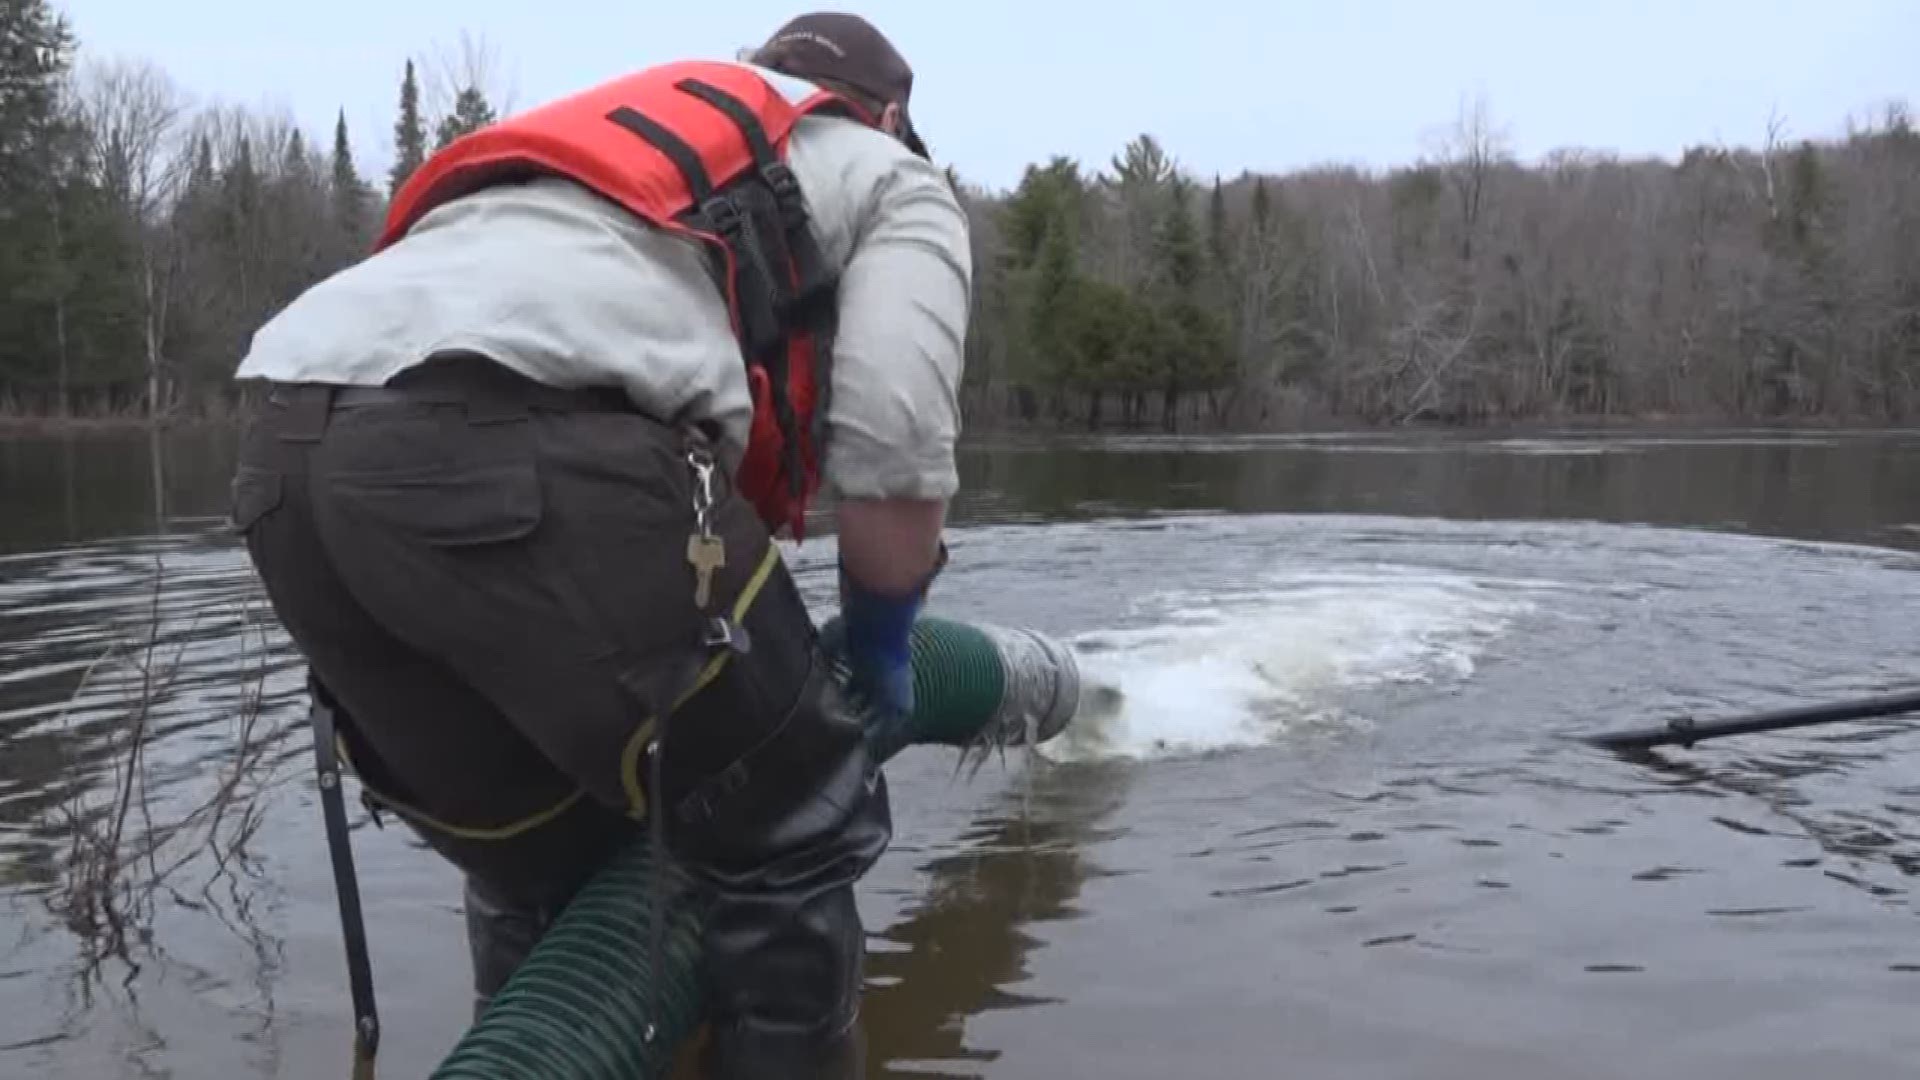 Officials discharged Atlantic salmon into Piscataquis River on Wednesday to increase Maine's natural production of the fish.
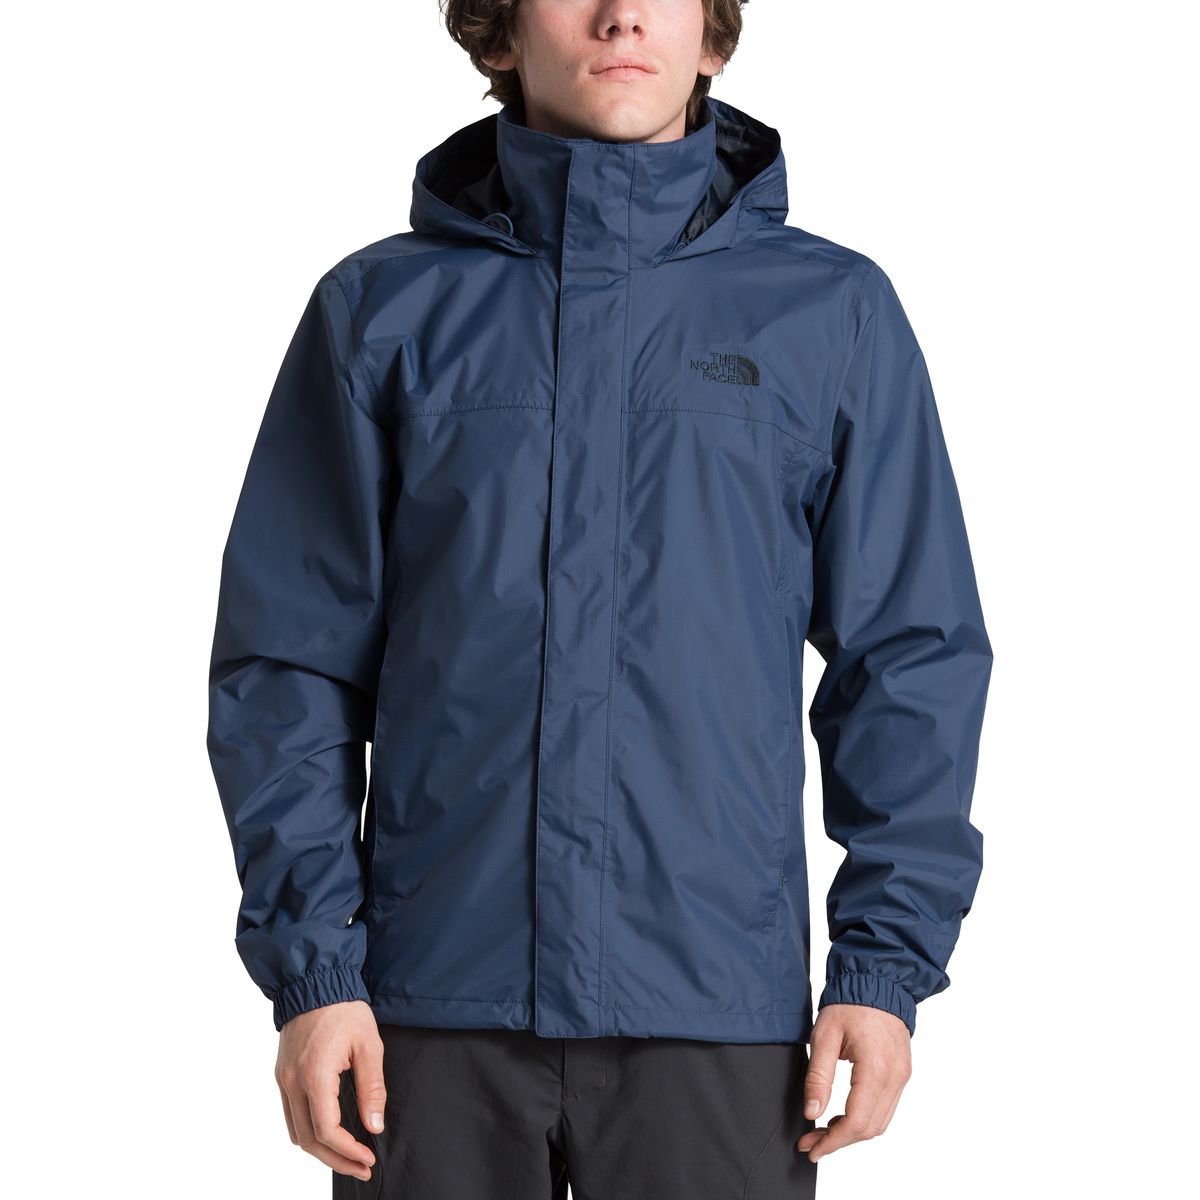 The North Face Resolve 2 Hooded Jacket - Men's
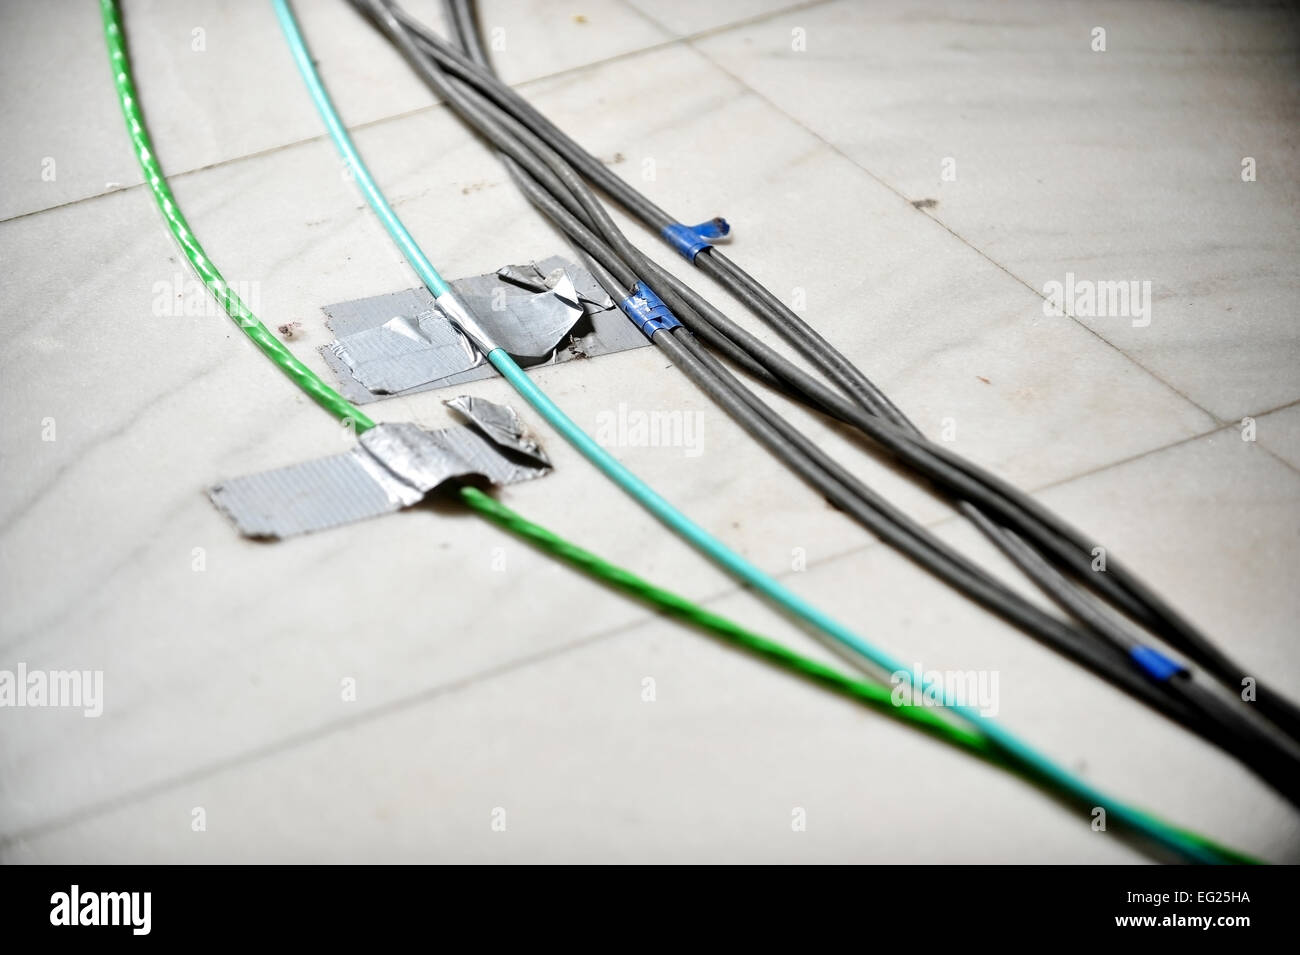 Detail with electric television cables fixed on the floor with duct tape Stock Photo

__YOUR TASK__
Each line above should be printed again exactly, though the pictures should not be.

__WRITTEN SOLUTION__
 Officials discharged Atlantic salmon into Piscataquis River on Wednesday to increase Maine's natural production of the fish.
 The North Face Resolve 2 Hooded Jacket - Men's
 Detail with electric television cables fixed on the floor with duct tape Stock Photo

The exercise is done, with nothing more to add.